• _The problem_
As the answer, give exactly the lines of the records below from the one with "Cherry Baby Long Sleeve Tee【Black/Red】" through the one with "Blue Jay Songbird", ends included and pictures left out.

• _Supplied material_
'''

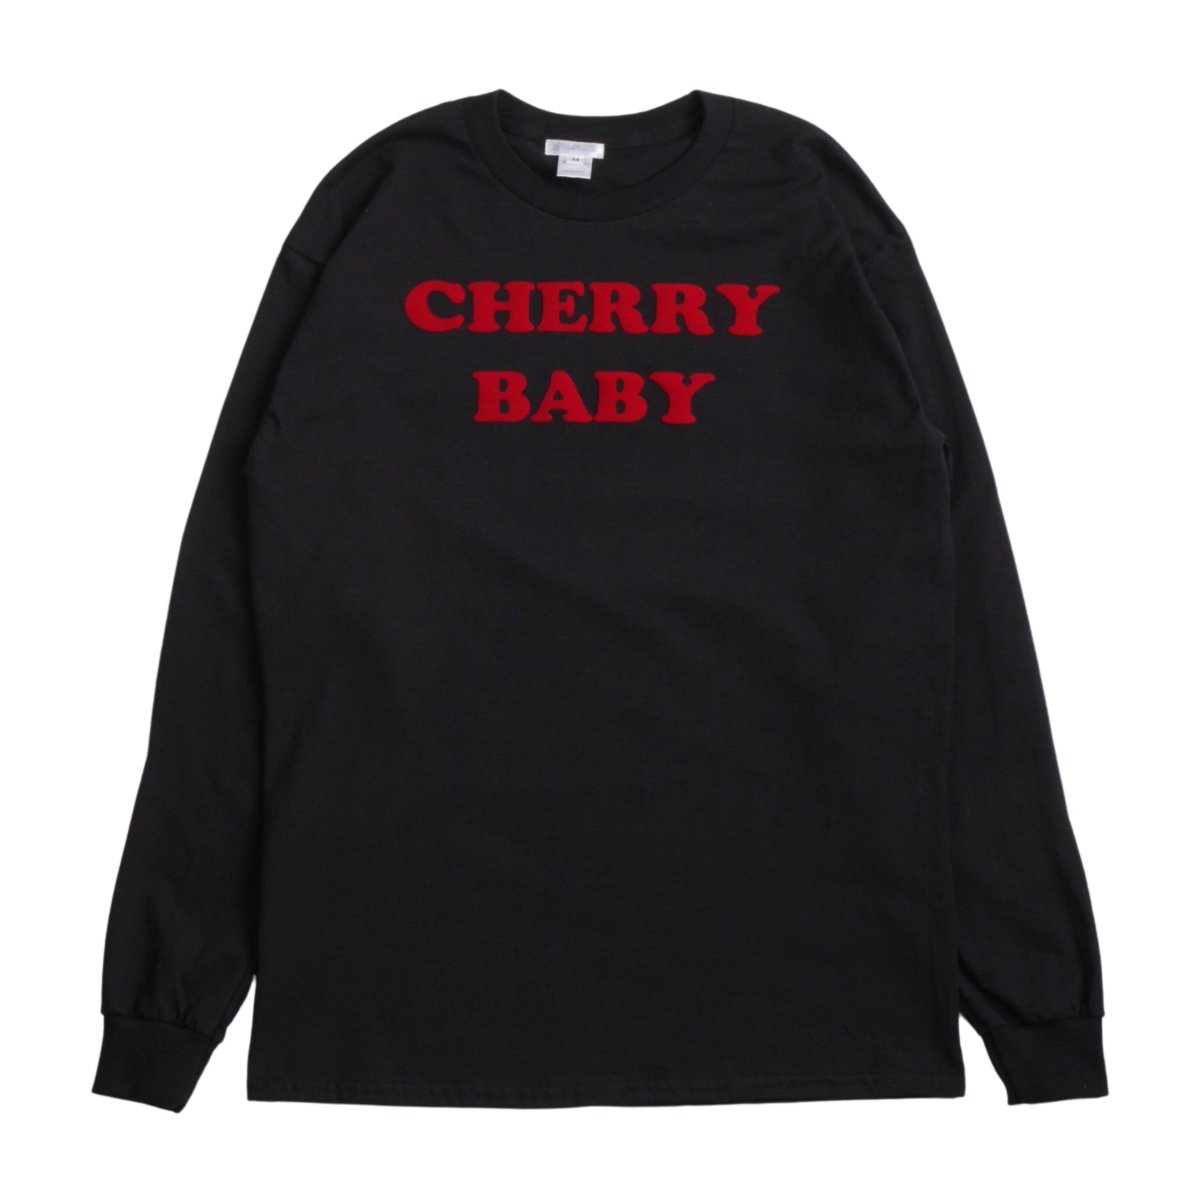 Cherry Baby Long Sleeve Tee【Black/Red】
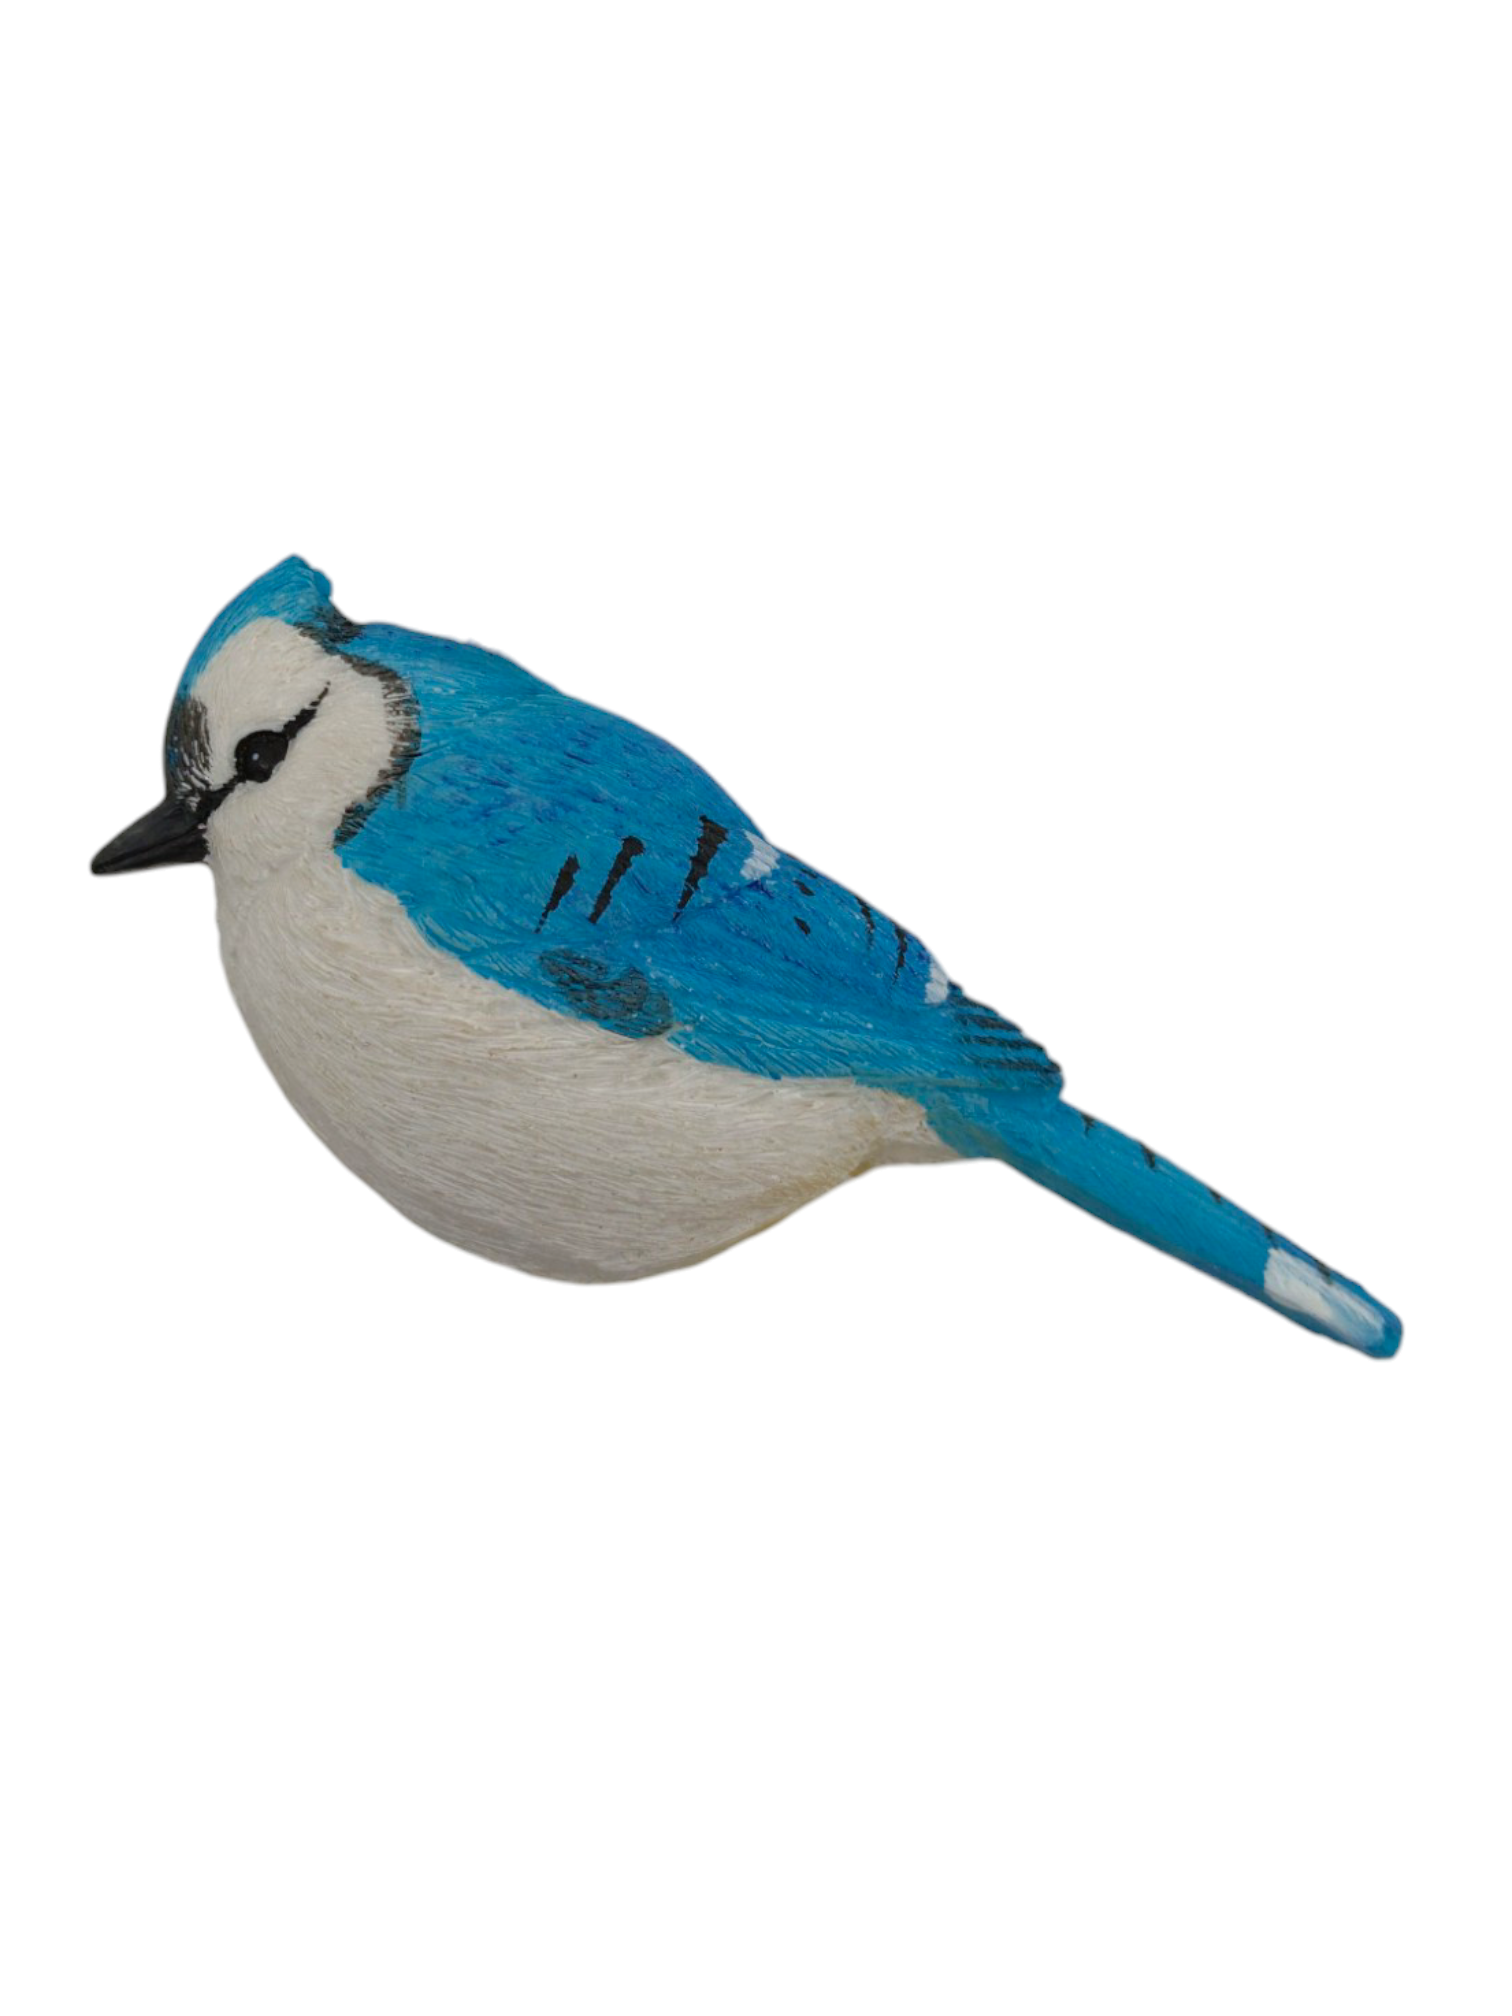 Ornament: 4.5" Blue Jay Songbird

'''
'''

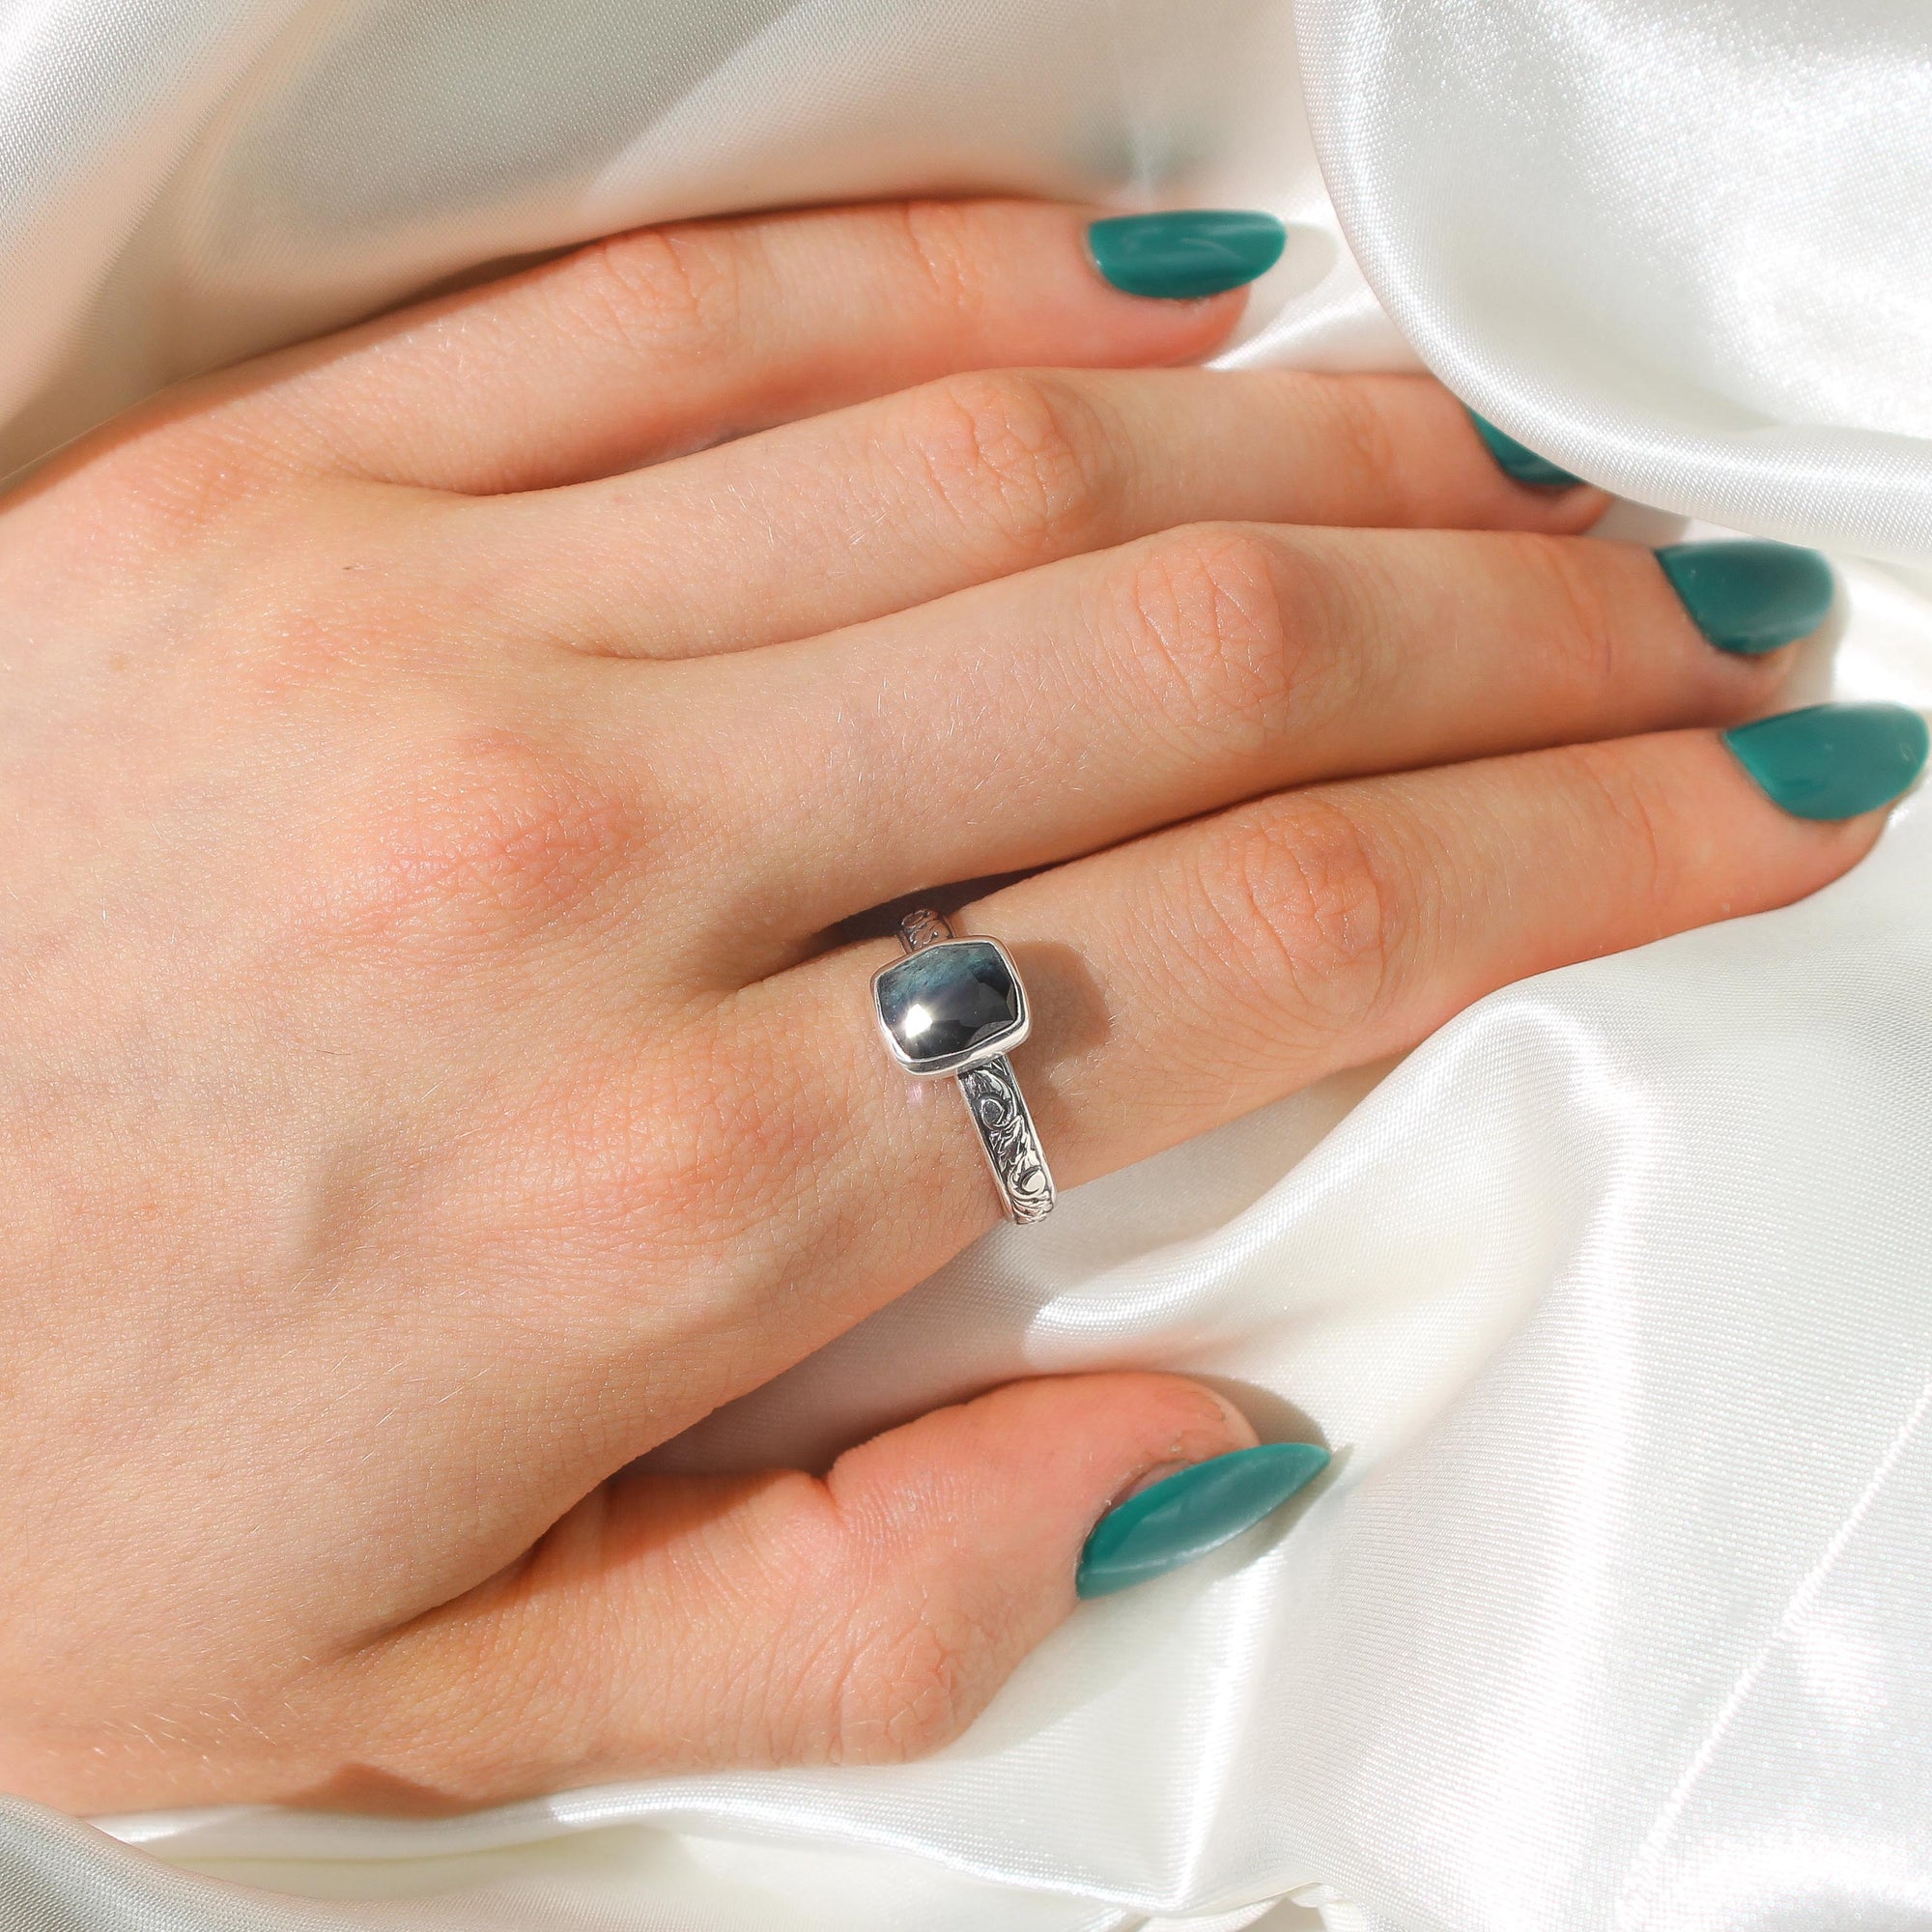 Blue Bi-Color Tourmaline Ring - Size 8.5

'''

• _Final answer_
 Cherry Baby Long Sleeve Tee【Black/Red】
 Ornament: 4.5" Blue Jay Songbird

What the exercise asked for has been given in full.